Business activity in the U.S. expanded in July, adding to signs that a recovery in manufacturing will support economic growth through the second half of the year.
The MNI Chicago Report’s business barometer increased to 52.3 from 51.6 in June. A reading above 50 signals expansion. The median forecast of 51 economists surveyed by Bloomberg called for 54.
Manufacturing, which makes up about 12 percent of the economy, is picking up steam after cuts in federal government spending and higher taxes weighed on activity earlier this year. Factory stabilization, supported by purchases such as vehicles and housing, indicates producers are seeing improved demand after a softer second quarter.
“You’re seeing more domestic demand, and the economy is still definitely in a general recovery,” Scott Brown, chief economist for Raymond James & Associates Inc. in St. Petersburg, Florida, said before the report. “Typically you get a lot of little things adding small amounts, and that’s positive.”
Estimates (CHPMINDX) in the Bloomberg survey ranged from 52 to 56. The index averaged 54.6 in 2012 and 62.8 in 2011.
Other reports today showed the economy picked up in the second quarter and companies hired more workers than forecast this month.
Gross domestic product rose at a 1.7 percent annualized rate after a 1.1 percent gain the prior quarter, Commerce Department figures showed. The median forecast of 85 economists surveyed by Bloomberg called for a 1 percent advance for last quarter. Consumer spending, the biggest part of the economy, climbed 1.8 percent after increasing 2.3 percent.
Companies boosted payrolls in July by the most this year as employers grew more optimistic demand will pick up in the second half of the year, another report showed. The 200,000 increase in employment was more than projected and followed a revised 198,000 gain in June that was higher than initially estimated, according to data from the ADP Research Institute in Roseland, New Jersey. The median forecast of 40 economists surveyed by Bloomberg called for a July advance of 180,000.

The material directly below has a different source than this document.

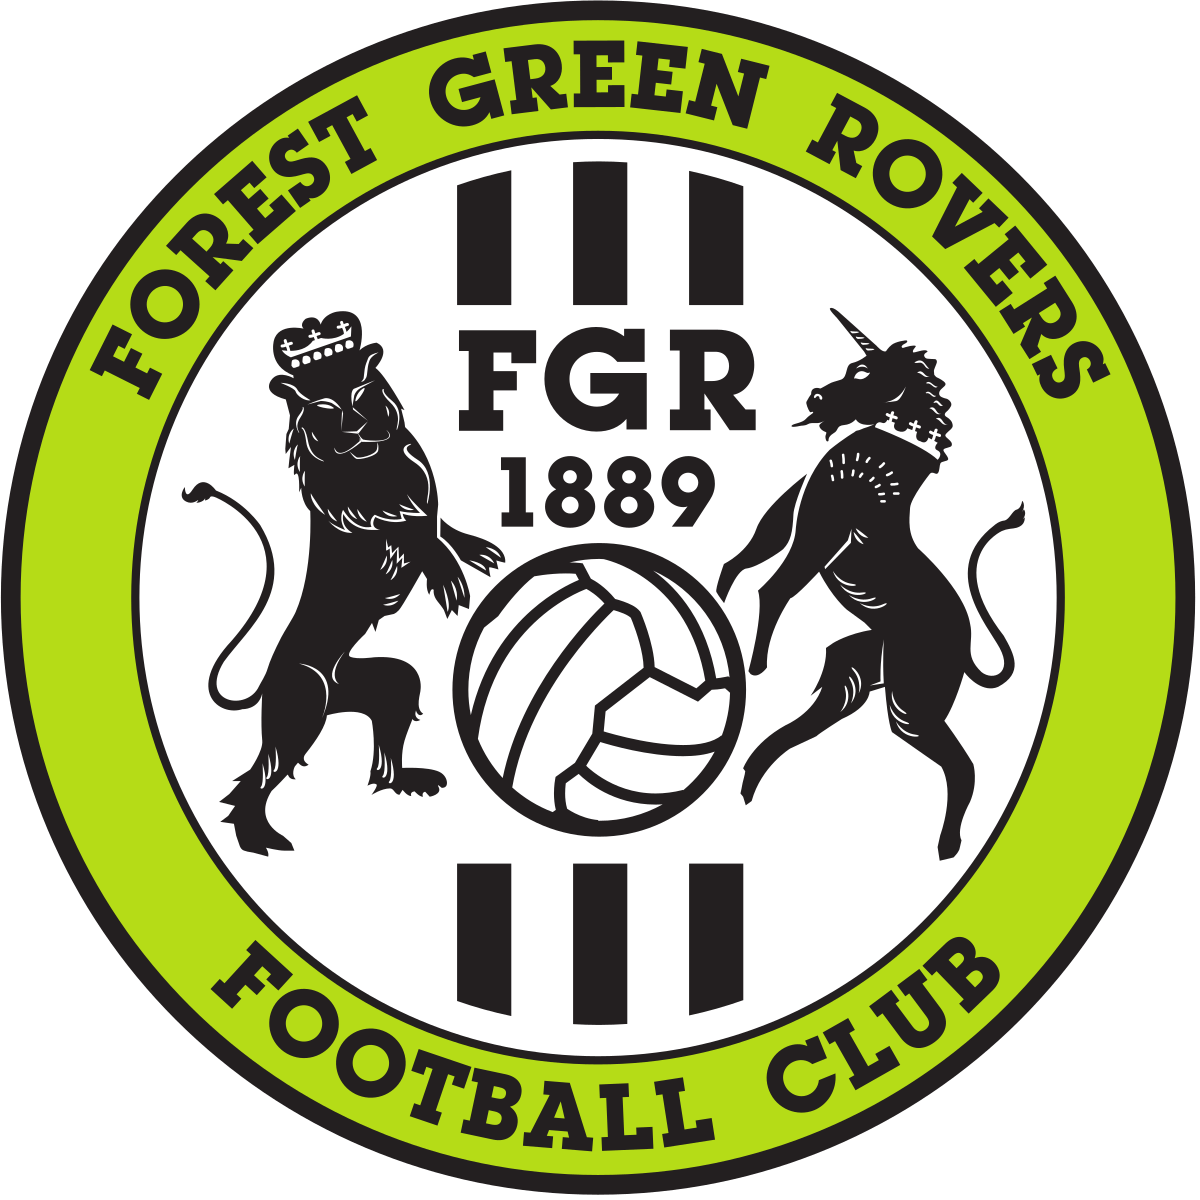 Green Badge Logo - Forest Green Rovers F.C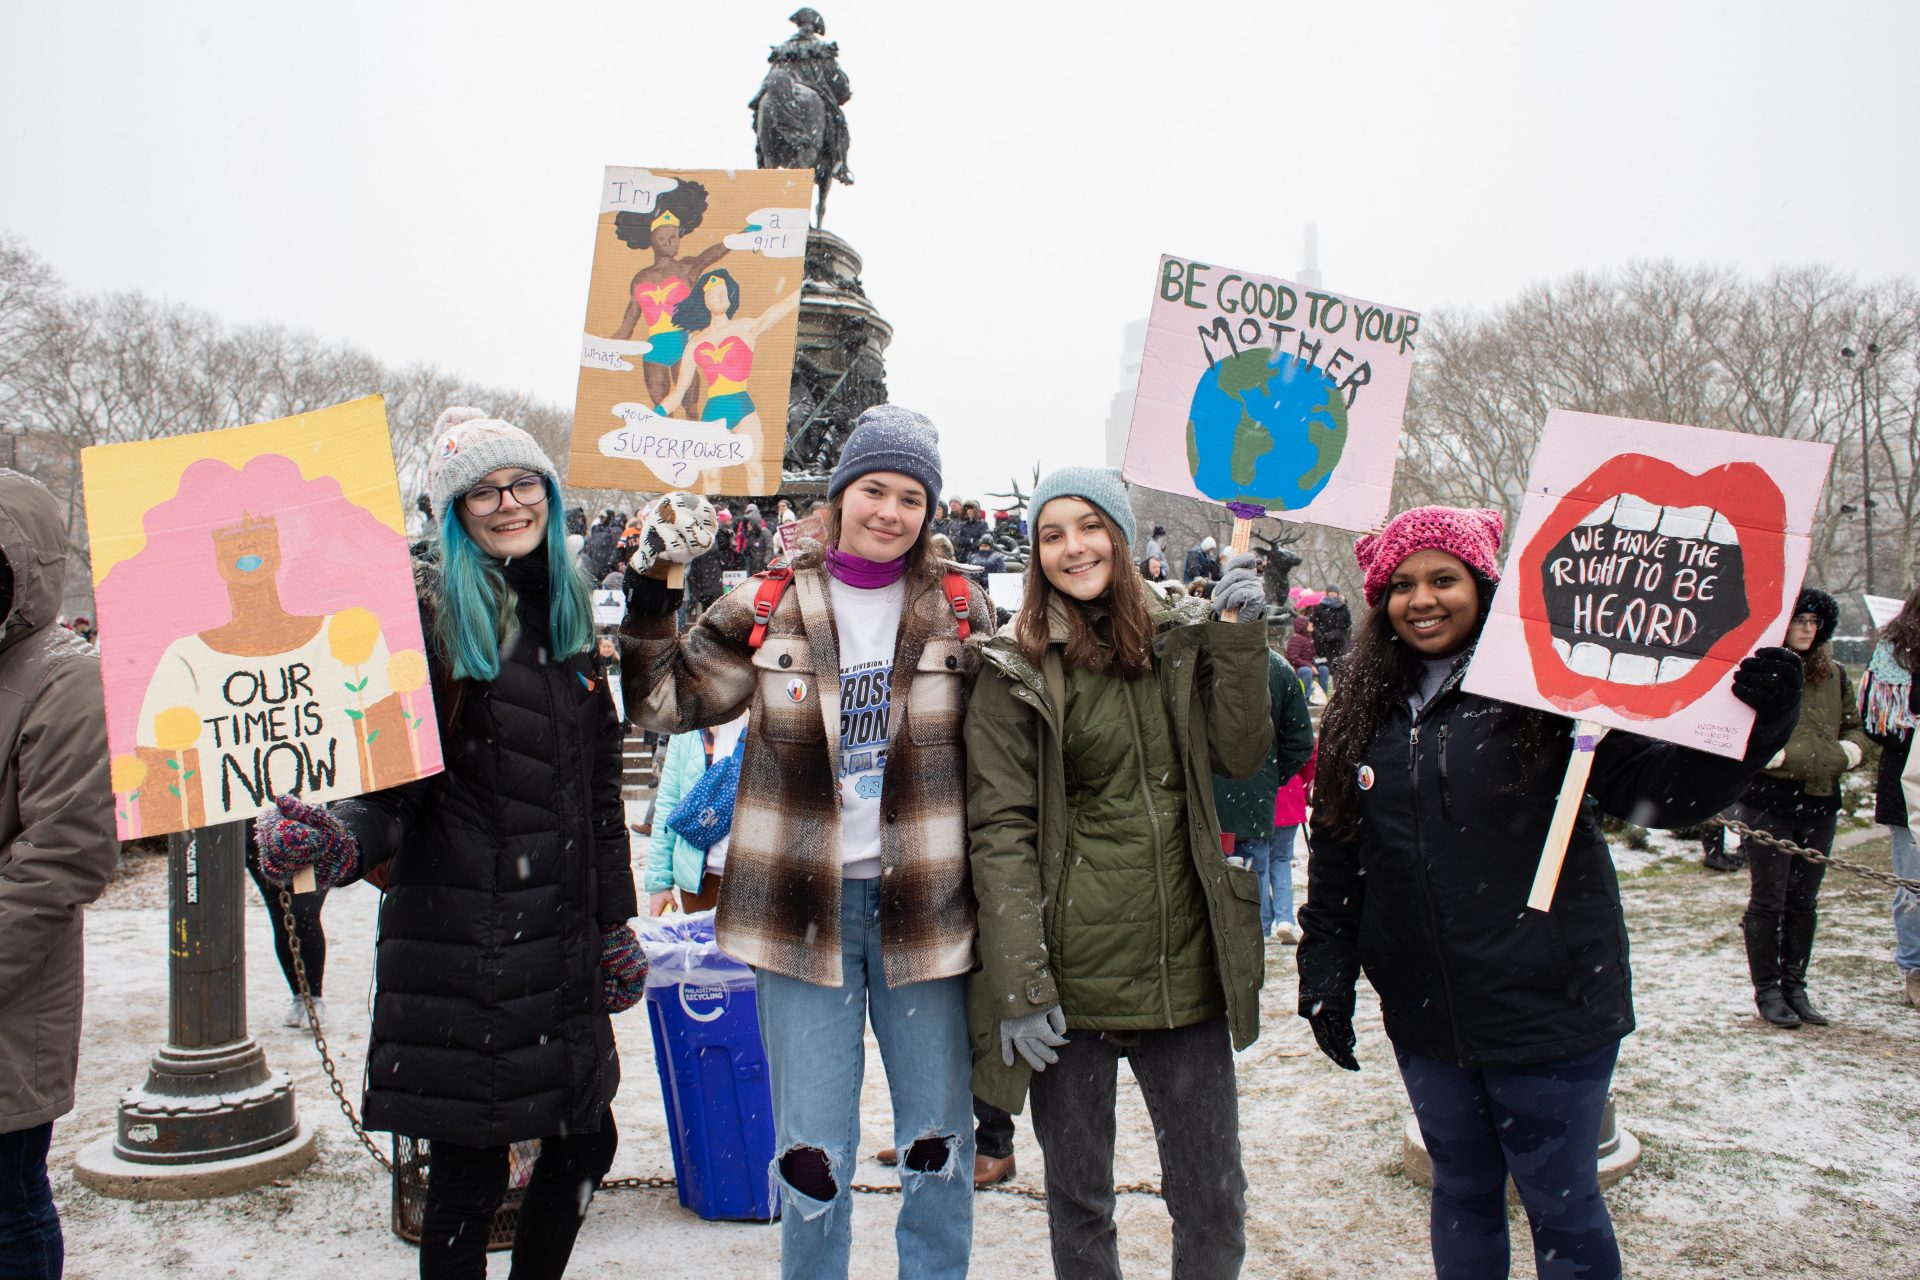 Downingtown East High School students Chloe Baumann, Hope Hessler, Megan Beale, and Gabbi Chacko traveled to Philadelphia to attend the Women's March.

Today’s Chicago report showed the employment gauge decreased to 56.6 from 57.8 in the month before. The production measure eased to 53.6 from 57.
The index of new orders declined to 53.9 from 54.6 in June, while the gauge measuring order backlog climbed to 42.9 from 38.4.
Economists monitor the Chicago index and other regional reports for an early read on the national manufacturing outlook. The Chicago group includes goods producers and service providers with operations in the U.S. and abroad, making the gauge a measure of overall growth, the group has said.
Data earlier this month showed manufacturing in the New York and Philadelphia regions expanded more than forecast in July, while industrial production climbed in June. A separate report last week showed the backlog of durable goods orders to factories jumped 2.1 percent last month, the most since the end of 2007.
Factories are getting help from rising consumer confidence, which is bolstering household demand for manufactured products as Americans’ views of their finances and job market improve.
The Bloomberg Consumer Comfort Index climbed to a more than five-year high this month, presaging the six-year high by the Thomson Reuters/University of Michigan index of consumer sentiment. The Conference Board’s Consumer Confidence declined this month, tempered by growing concern over higher borrowing costs and gasoline prices, a report showed yesterday.
General Motors Co. (GM) posted adjusted second-quarter earnings that beat analysts’ estimates as “a healthy dose of pent-up demand” helped support its launch of the Chevrolet Silverado and GMC Sierra models, Chief Executive Officer Dan Akerson said on a July 25 conference call.
GM outsold Toyota Motor Corp. for the first time in six quarters during the period ended June, highlighting the resurgence of U.S. automakers. The 2.48 million vehicles that Toyota and its subsidiaries sold during the quarter, based on monthly figures reported this month, was shy of the 2.49 million that Detroit-based GM disclosed earlier this month.
Automakers that typically would be closing shop this month for annual retooling are either shortening or canceling the shutdowns because of increased demand. Cars and light trucks sold at a 15.9 million seasonally adjusted annualized rate in June, the strongest since November 2007.